START SOURCE DATA
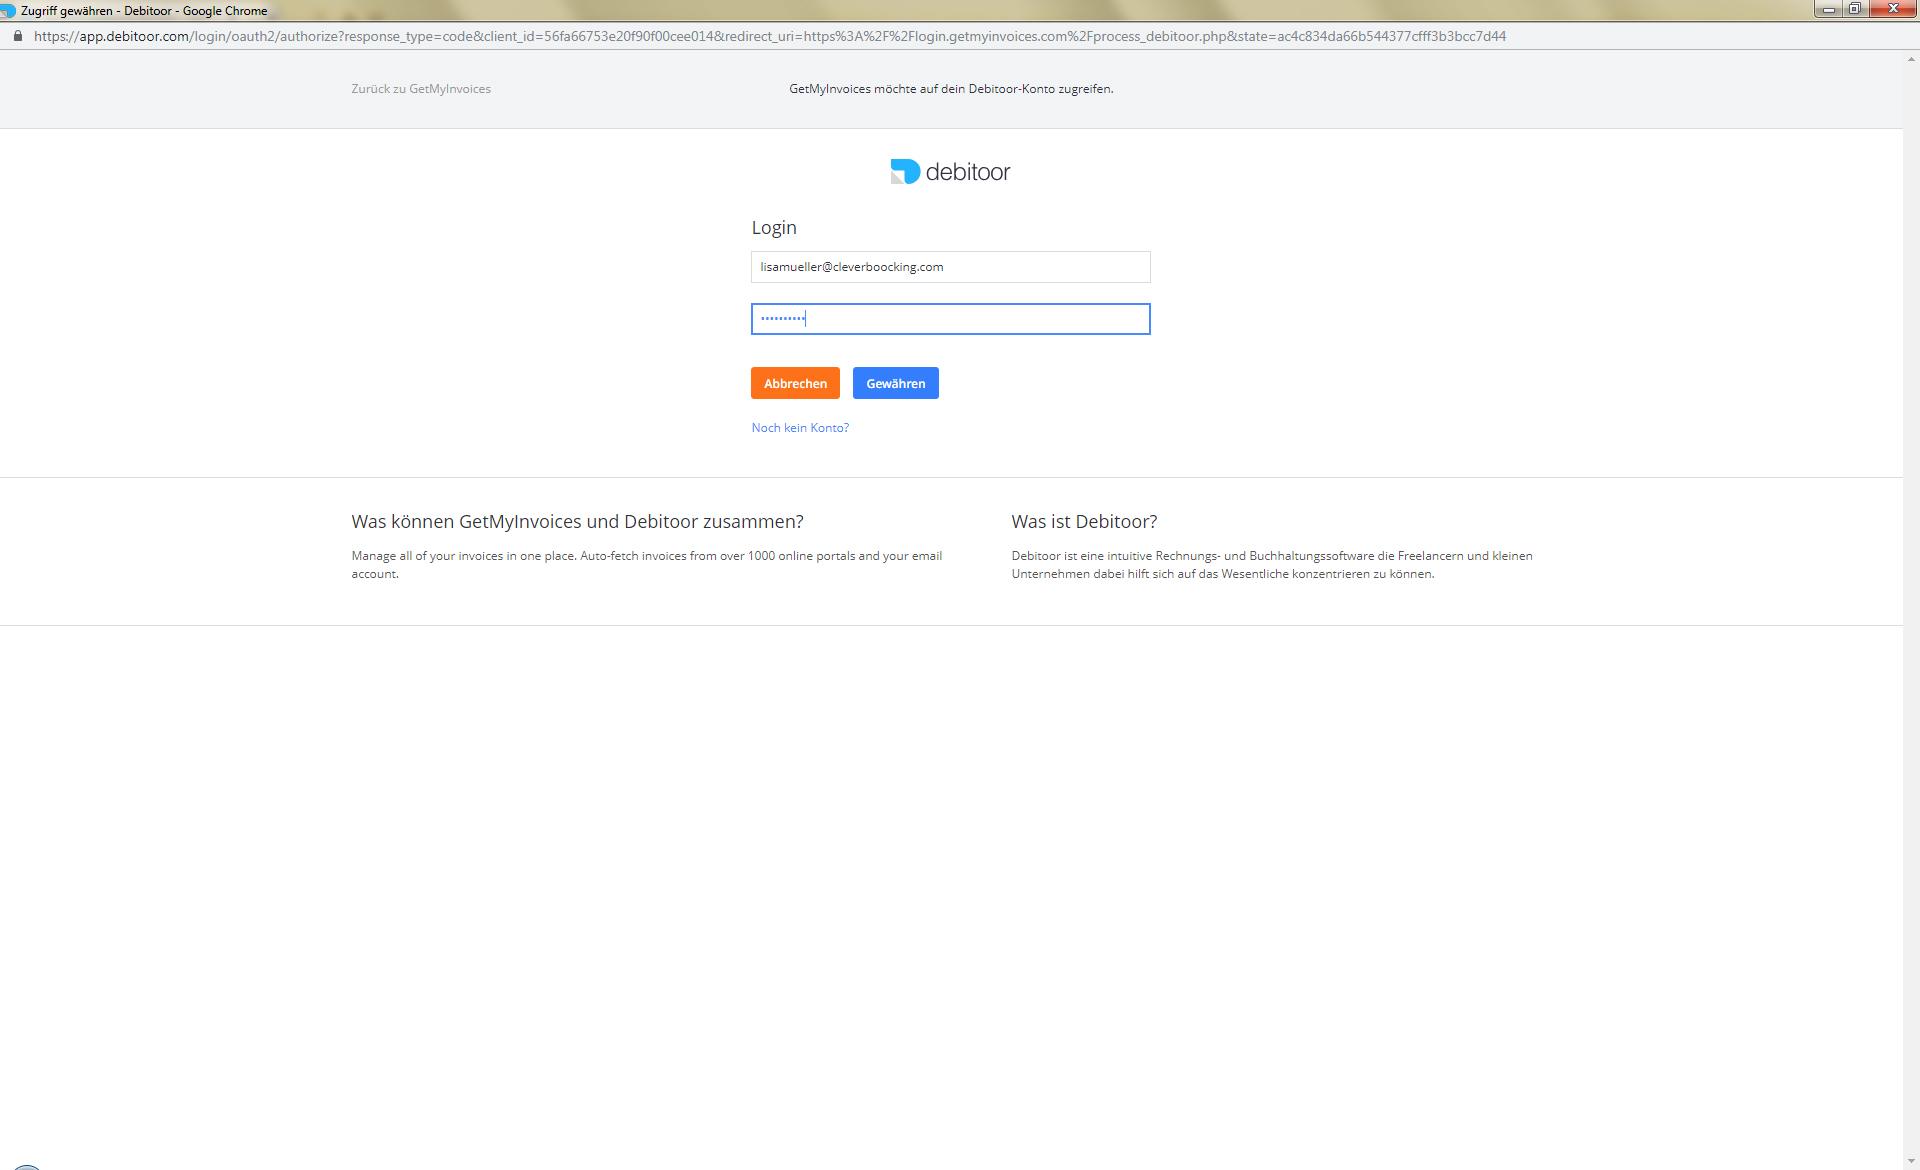 3. Dokumentenexport: GetMyInvoices mit Debitoor verknüpfen
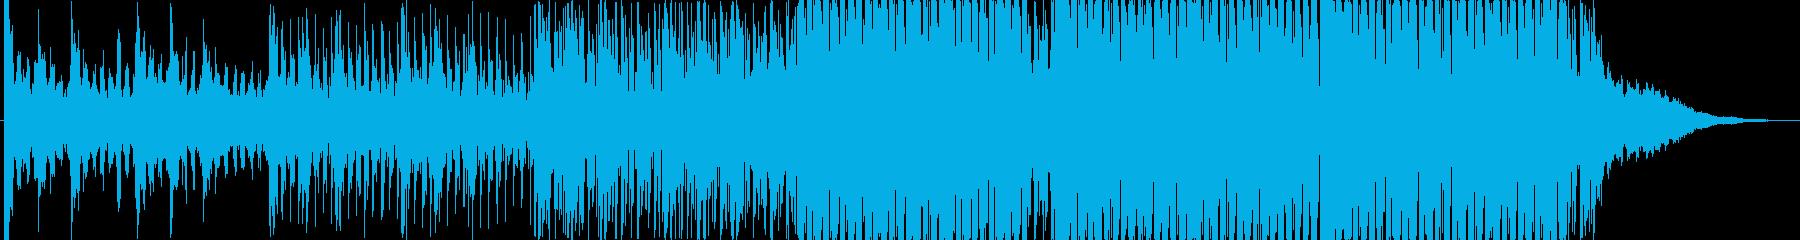 法人 アクション 技術的な ハイテ...の再生済みの波形
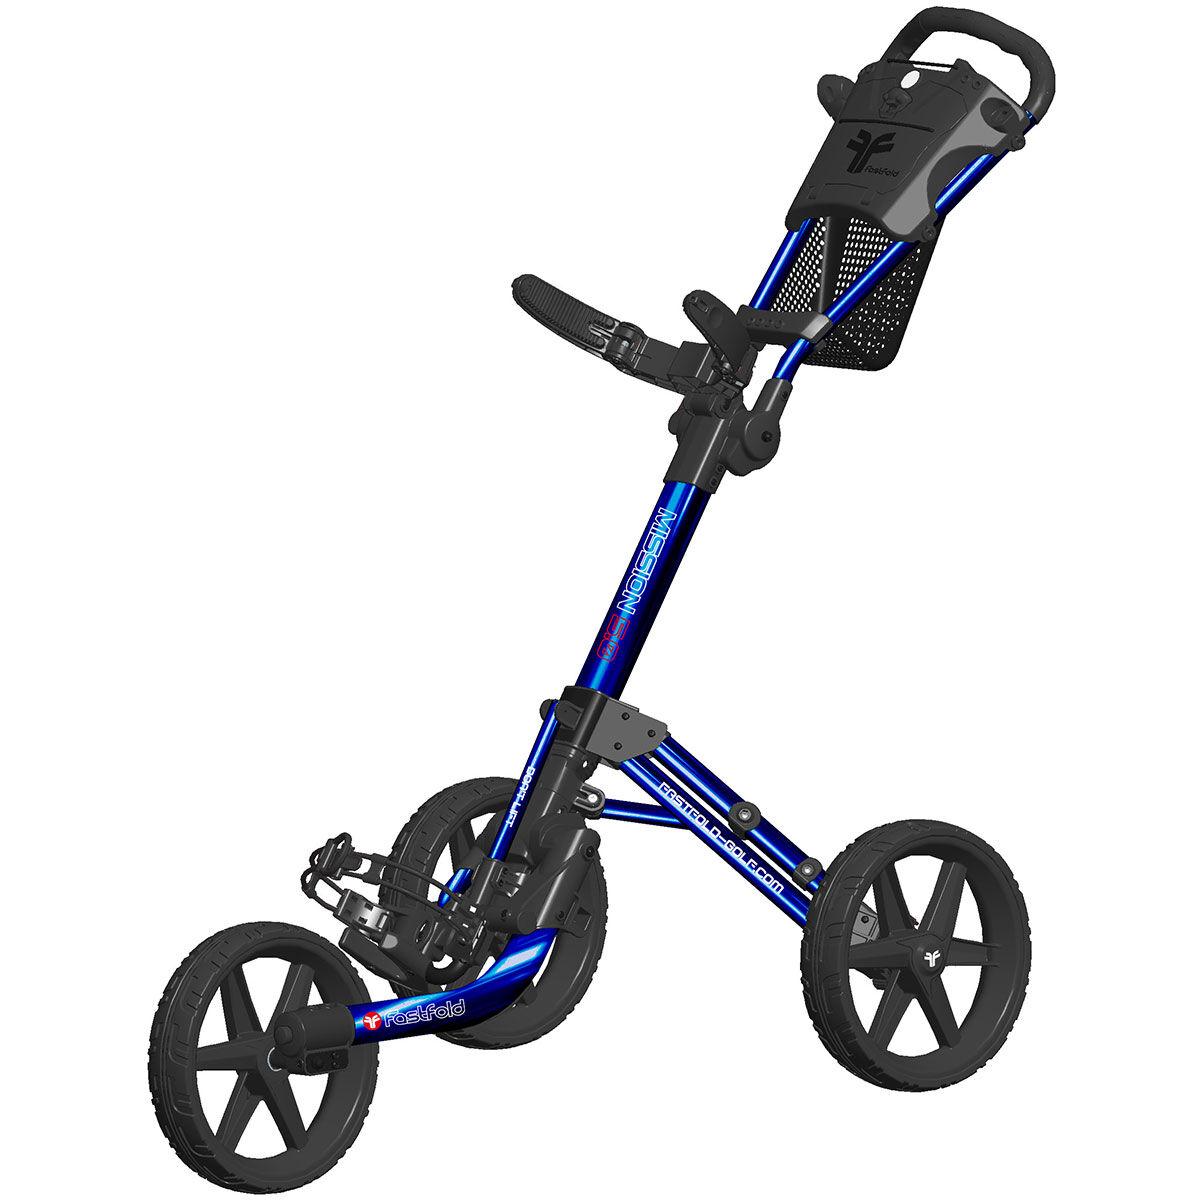 Fast Fold Fastfold Mission 5.0 3 Wheel Push Golf Trolley, Shiny blue black | American Golf
END SOURCE DATA
* [WHAT YOU ARE ASKED TO DO] The whole listing should be printed again exactly as written, images excluded.

* [SOLUTION BELOW]
 3. Dokumentenexport: GetMyInvoices mit Debitoor verknüpfen
 法人 アクション 技術的な ハイテ...の再生済みの波形
 Fast Fold Fastfold Mission 5.0 3 Wheel Push Golf Trolley, Shiny blue black | American Golf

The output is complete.